Tina Rowe

The Indefinitive Moment

Much of the vocabulary around photography is about stopping time for us to examine it, that decisive moment notion that the purpose of photography is to capture the fleeting and from that flows the idea that there is some ownership of what is in essence a coincidence.  This is further compounded by the notion that there are some special photographers whose shutterclicks are some how more precise, more intelligent, more special than those of mere mortals and with that magical gesture they are better at seeing than the rest of us.  Well permit me to say, that is just bollocks.

I am currently in the process of writing a long piece about work that I showed at Revela-T this year and that work is itself about taking photographs, and because I don’t like writing, I found myself reading an article about Chris Killip in the rather marvellous Huck Magazine. The sheer graft he put into the body of work In Flagrante in the 70s and 80s is breathtaking in it’s doggedness.  He has form in this area, it took him 7 years to get the seacoalers of Lynmouth to talk to him for another project.  Imagine that, being kicked back for 7 years and still not giving up; I get one form email from something I’ve applied for saying thanks but no thanks for my submission and I can produce a sulk so corrosive it could be used to etch granite.

In Flagrante Two Chris Killip

I think that is one of the interesting dichotomies of photography. Taking a photograph is not difficult. Taking an interesting photograph isn’t difficult either. Understanding why you might take a photograph and to keep loading that film in order to articulate that, well that is absolutely hard.  Killip makes that clear in the Huck piece:  ‘great photographers need determination, not talent’.

Another problem with photography is the immediacy of the image for the viewer.  You look at this or that and move on, even the most stunning images infrequently have us stock still gasping at the content and that can make commentators lazy.  In Flagrante is often used as a touchstone to illustrate the awfulness of the Thatcher years and the dissolution of the industries that had employed Killip’s subjects.  This casually glosses over the fact that the work was made under successive Conservative and Labour governments.  You can look at that skinhead boy on the wall, scrunched up and see some lad doubtless between visits to the dole office with his UB40 swapped from an apprenticeship, the problem is the photograph was taken in 1976 when the self same Thatcher was the leader of the opposition and her main claim to fame at that point was having been responsible for the ending of free school milk.  Not such a decisive moment.  Still a very good image in a properly impressive body of work that really should be seen in context in order to do it justice.

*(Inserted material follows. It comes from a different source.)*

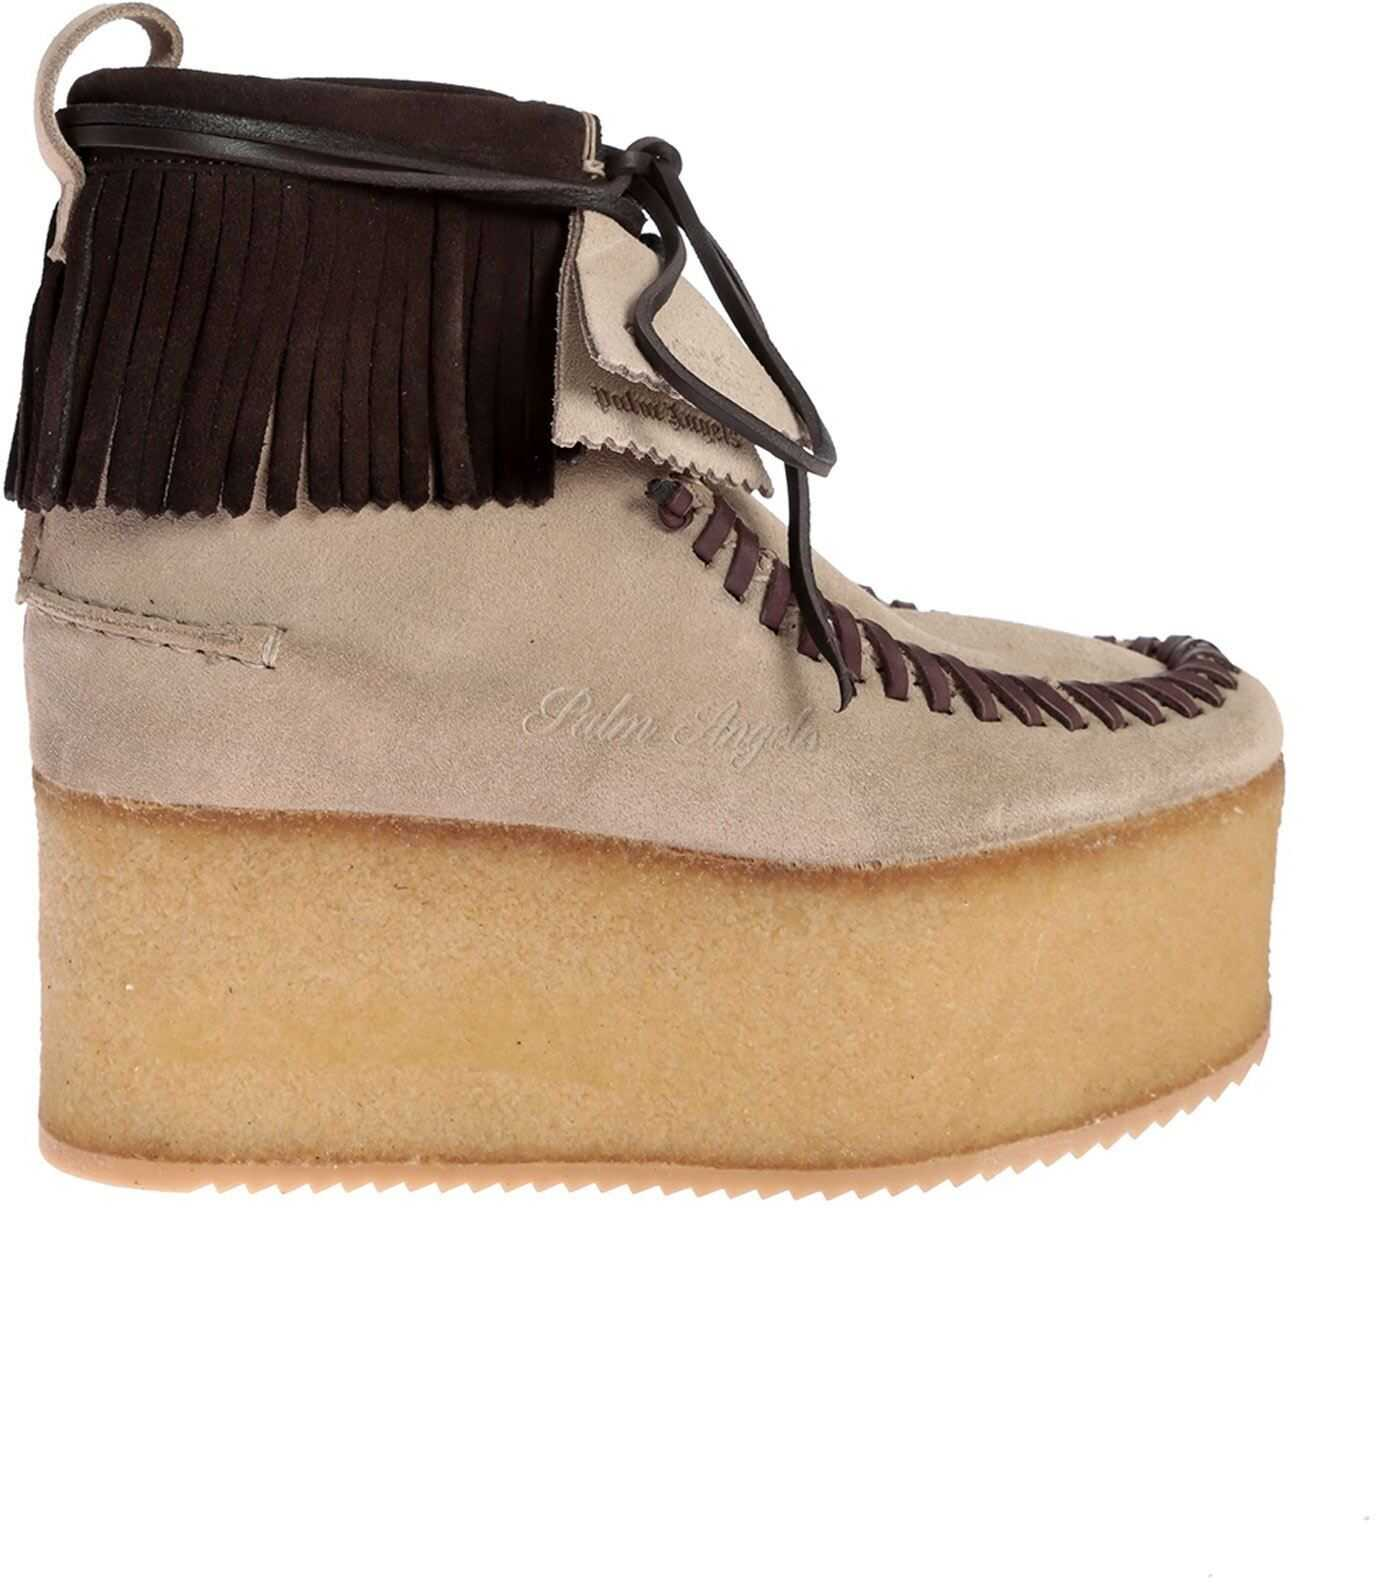 Wallabee Clarks Ankle Boots In Beige

Taking photographs is work and it requires effort not least because of the complexity of the tools and digital is just one option.  In the article Killip says that with film you don’t actually know what you are going to get in the end.  Choosing a film to shoot on is something you can only do with considered practice.  Loading that film is an act of faith; faith in the factory that produced it, the way it was kept by the retailer, faith in your camera’s inner workings, faith in the battery on your light meter. The list is pretty long. And if you think that digital has done away with all of that, you are forgetting sensor size even before you start considering the myriad other geegaws that clog up your app store of choice with filters, lightmeters, editors, film emulators, dog noses, cat ears…  Even with a slight engagement with the discipline, you are still required to make decisions about what and how you photograph before you get the picture.

I’m not saying some photographers aren’t better than others but that is more about the aesthetic peccadillos of the observer than the abilities of the shutter jocky, in the same way some accountants are effective and others less so.  It is important to be good at your job, otherwise you just let down your colleagues.  If you are a corporation of one, which is what most photographers are, then this attention to detail and willingness to go revise and revisit is all the more important.  You need to actively engage with a process to conjure up the picture.  Which is why the notion of nimble fingered gimlet eyed photographer trapping the decisive moment in pixels or film rings hollow because it implies a preternatural ability to nail the shot and move on.   The most interesting photographers are engaging in a thought process and that underpins the work.

And part of this is being willing and able to speak about this work once it is finished, or as finished as it can be.  This is the really hard bit.  I’m writing this now because I have failed to draw together the strings of associated writing that I have been doing about my own work and believe you me, there are a slew of bookmarks and underlinings in books an articles that should make it easy to compose.  I have this banging tangent about MR James and haunting but I’m having real trouble getting it out of the whumpa whumpa in my brain and into something a human might want to plough though.